Hacking Instance Automation with AWS Lambda

I have worked at several different software companies as a co-op student, however this was the first time I was able to participate in a company-wide hackathon. I have always wanted to participate but I always seem to get to a company just after it has completed or I leave just before they start.

Last October, Hootsuite ran #SuiteHacks, a company wide hackathon with the theme of Customers and Tools. I joined a team mostly made up of my fellow Ops teammates and a person from our Security team. The idea we decided to hack on was automating instance startup task using AWS Lambdas. The serverless, ephemeral nature of Lambdas match perfectly with automating relatively infrequent and quick tasks. It is also an excuse for us to play around a little bit more with one of Amazon’s newer services.

The Design

The idea behind this hack was a system where an instance can announce a change in state which the system would respond by running tasks for the instance based on that state change. When an instance goes down we can verify and automate cleanup and remediation where needed. When an instance is created, we can verify and automate different on startup tasks. Doing so we would automating tedious tasks that are important to infrastructure health. The diagram below gives a general idea of what the system looks like:

The system starts when the instances send information to a centralized Enrichment SNS topic. In this model, servers would be able trigger this data transfer based on different events in the server’s life cycle. In this project the event used to demo this functionality was server startup. On startup, the server gathers the data that is assigned when the instance was provisioned and push it to the Enrichment topic. The Enricher receives said data and proceeds to gather more data about the instances from AWS based on identifying data sent from the instance. This is done by using AWS’ Describe Instance API. The data would then be formatted and standardize, ensuring a common structure for the plugins to expect. The Enricher job would also be the point in the process where data sent from the instance is verified. Specifically the state that the instance is reporting to be in would need to be verified. This was done by cross referencing the data sent by the instance and the data that AWS provided about the instance. If there was a discrepancy the data would not move forward in the process. Some for of alerting would also be needed to surface these errors. Once verified and structured data is then pushed to a SNS topic for that trigger plugins.

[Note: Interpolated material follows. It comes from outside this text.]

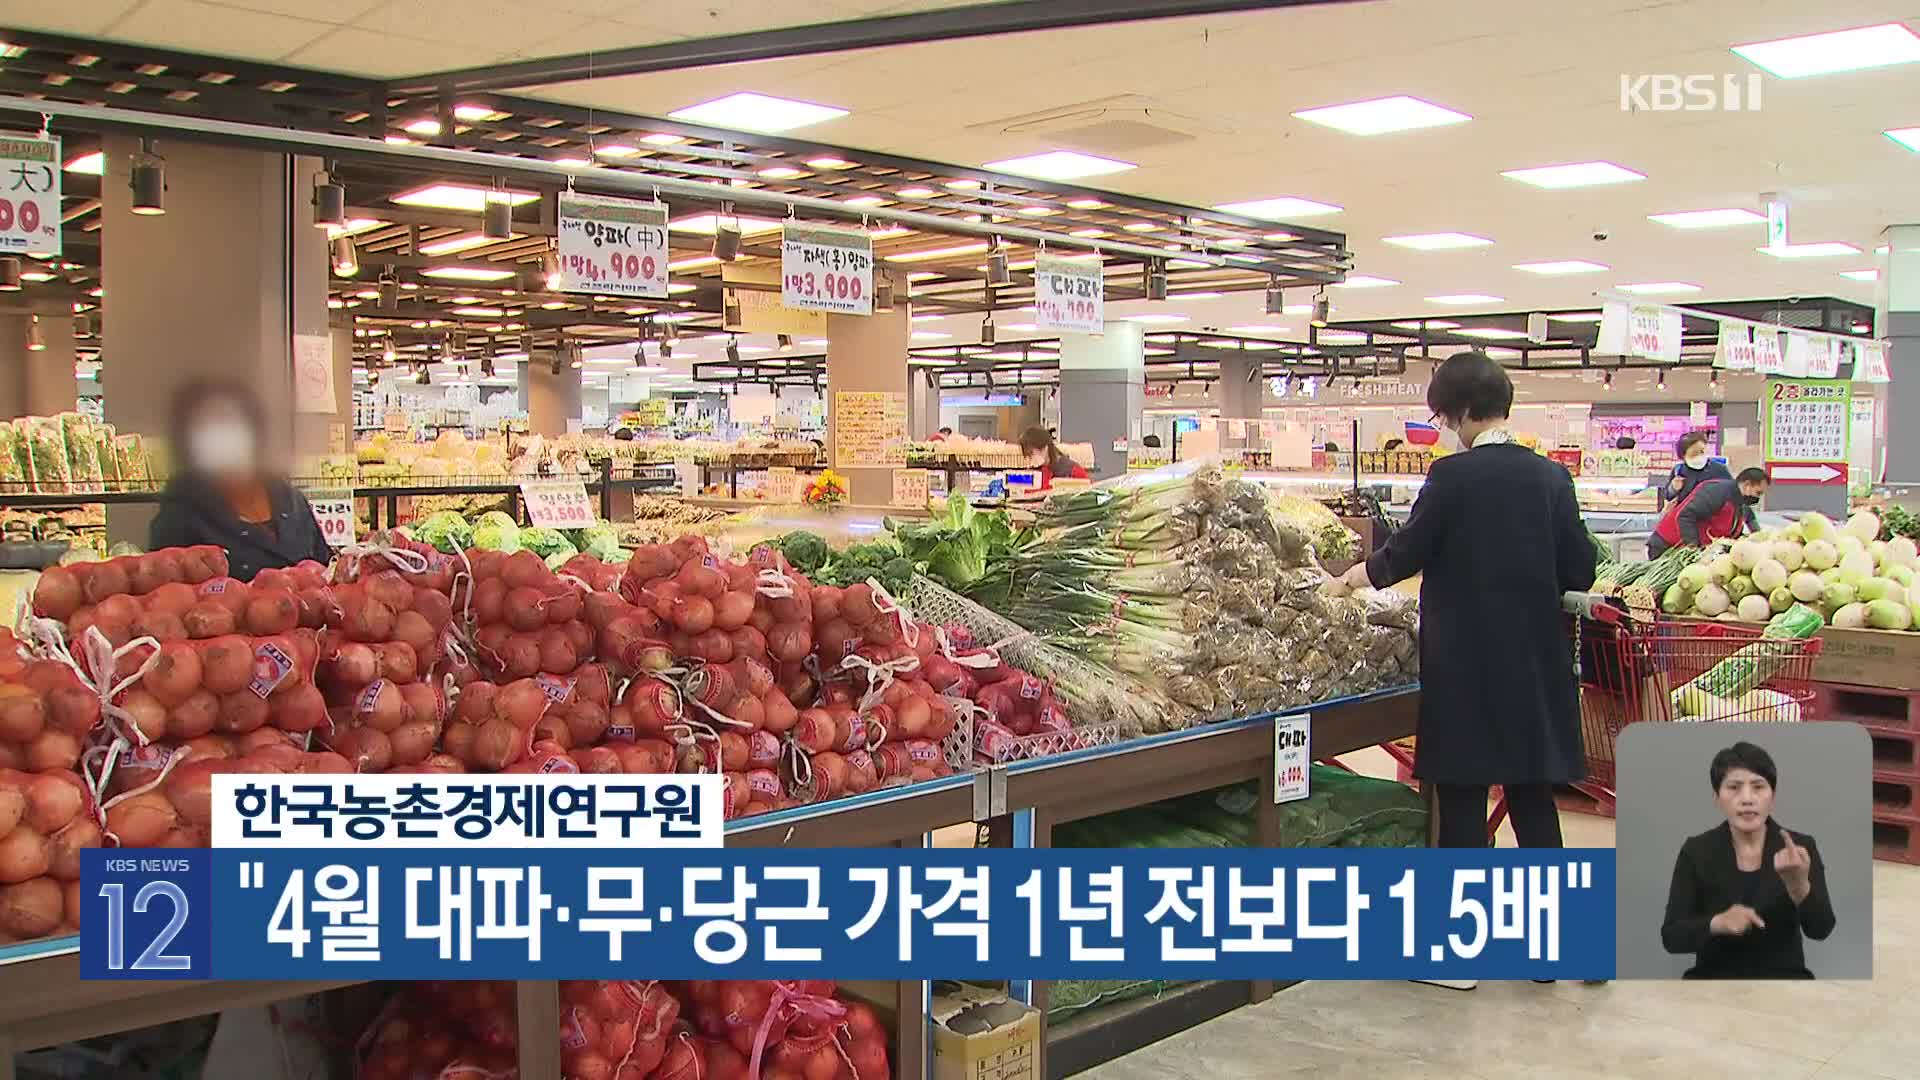 한국농촌경제연구원 “4월 대파·무·당근 가격 1년 전보다 1.5배”
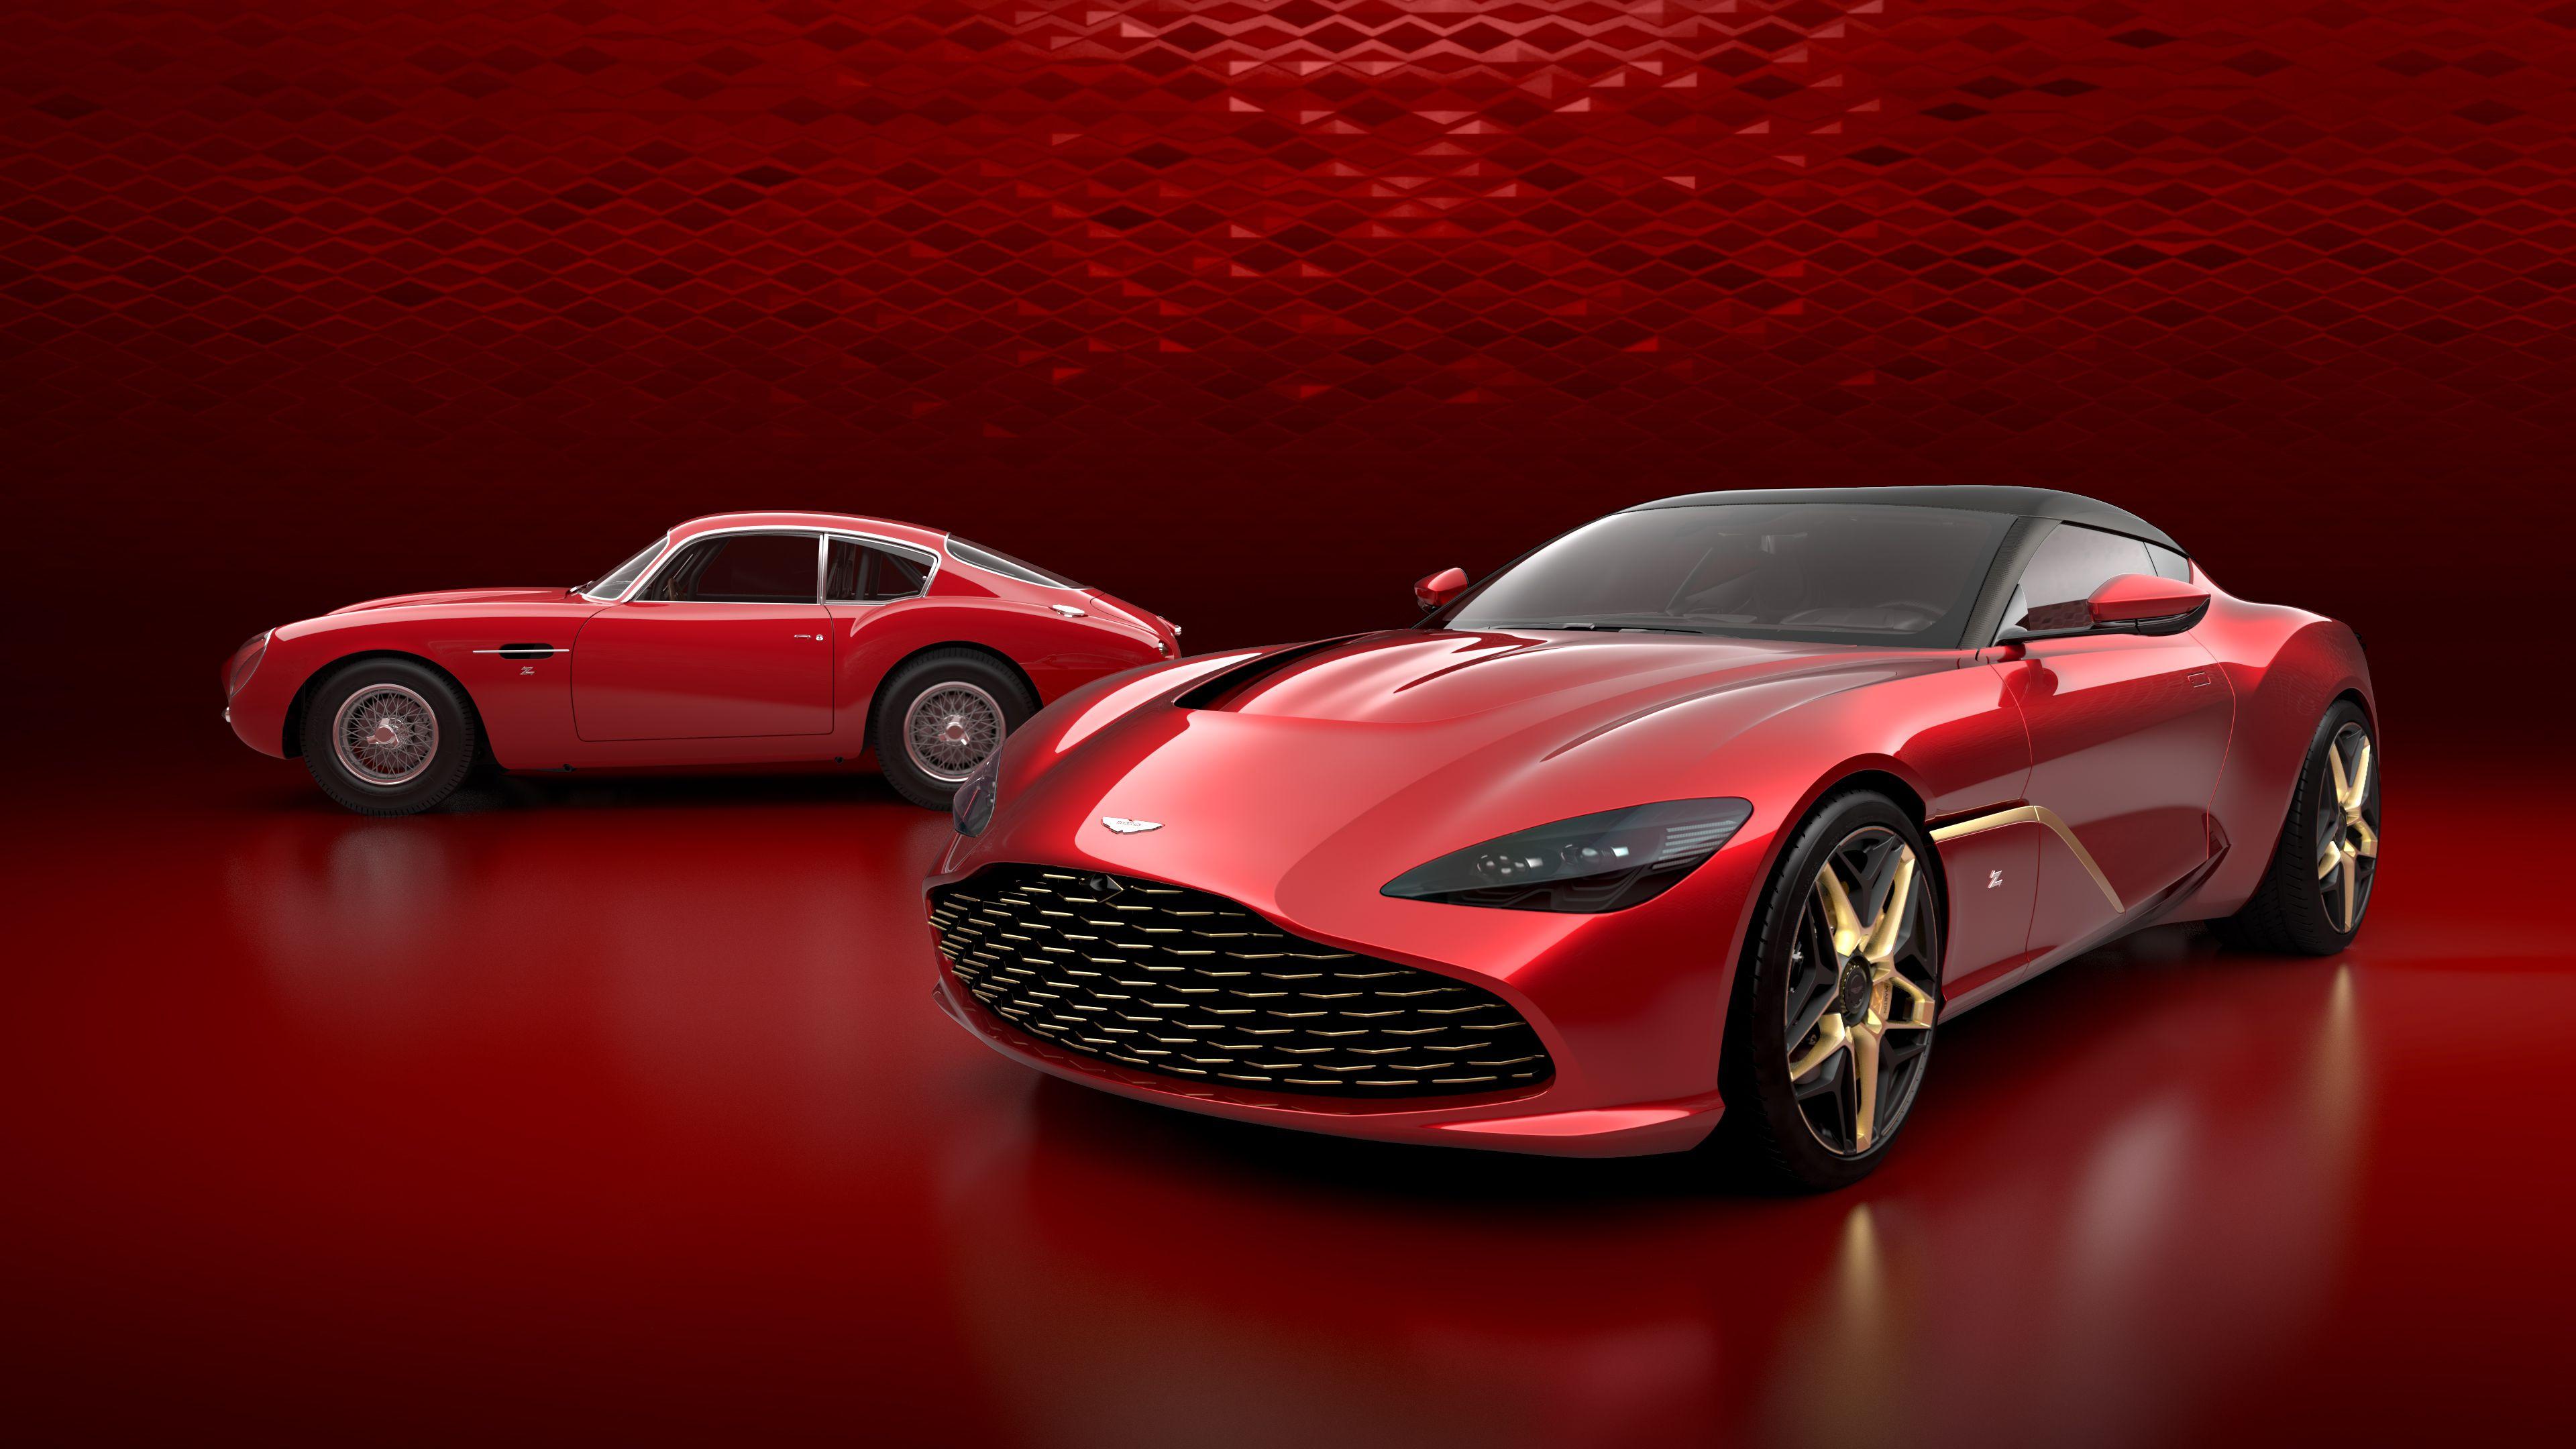 Aston Martin: Pogonski motor dolazi u vidu 5,2 litrenog V12 s bi-turbo tehnologijom - Avaz

The Plugin jobs are triggered by data being published to the Plugin SNS topic. Due to SNS being a publish/subscription system, each plugin would receive a copy of the data published to the topic. The plugin processes the enriched data to perform specific functions. Specifically plugins that would run based on states the instance reports. For example, startup tasks will only proceed if the data sent has the proper state specified in the data.

The POC

During the hackathon we were able to implement a simple version of this model to create a system that allow servers to trigger multiple tools on startup. In the proof of concept we focused on some common tasks such as DNS, Reverse DNS and Tag Verification. We also created a simple plugin to calculate the monthly costs of these resources and placing that information in Slack.

The Learnings

The hackathon started with the team deciding how to send data to the system. One option was to utilize AWS Config as the trigger for the Enricher Lambda. AWS Config was a service that provides AWS configuration management and history. A lot of the tasks that we want to automate are tied to configuration changes for different instances so it made sense to investigate the option. At first glance AWS Config integration with AWS Lambdas would make  it a good choice, however the delay between the change happening and when the change is register in Config was too long. In the worse case it was several minutes before the change was register and in turn trigger automation. For some tasks, we wanted to trigger the process as soon as possible, specifically DNS and Reverse DNS.  Due to this we decided to trigger events through a simple script located located on the instance. The script gathers information about the instance and then sends it to the Enricher SNS and following automation system.

The Future

Since it was for a hackathon we kept it simple but this system can easily be expanded to a multitude of applications. An expansion to the DNS plugin idea was one that would ensure that any DNS or Reverse DNS were removed on instance termination. Other applications that we considered during the hackathon was automatically registering and deregistering instances from monitoring systems or health checks on startup. Another advantage of this system was it being language and workflow agnostic. AWS Lambdas allow you to create jobs in multiple languages and all of them have the ability to ingest data from SNS topics. Furthermore the Lambdas themselves do not need to follow a specific workflow to achieve its task. They jobs can be design to best meet the needs of the task. The architecture is plug and play, allowing for a lot of flexibility. Since this system is designed using AWS Lambdas it scales to meet the needs of your growing system. With this flexibility, there are a number of tasks around scaling up and down infrastructure that could be automated in this simple and scalable manner.

About the Author

Stuart was a co-op at Hootsuite in the Fall of 2016. He’s currently studying Management Engineering at The University of Waterloo, and graduates in 2017.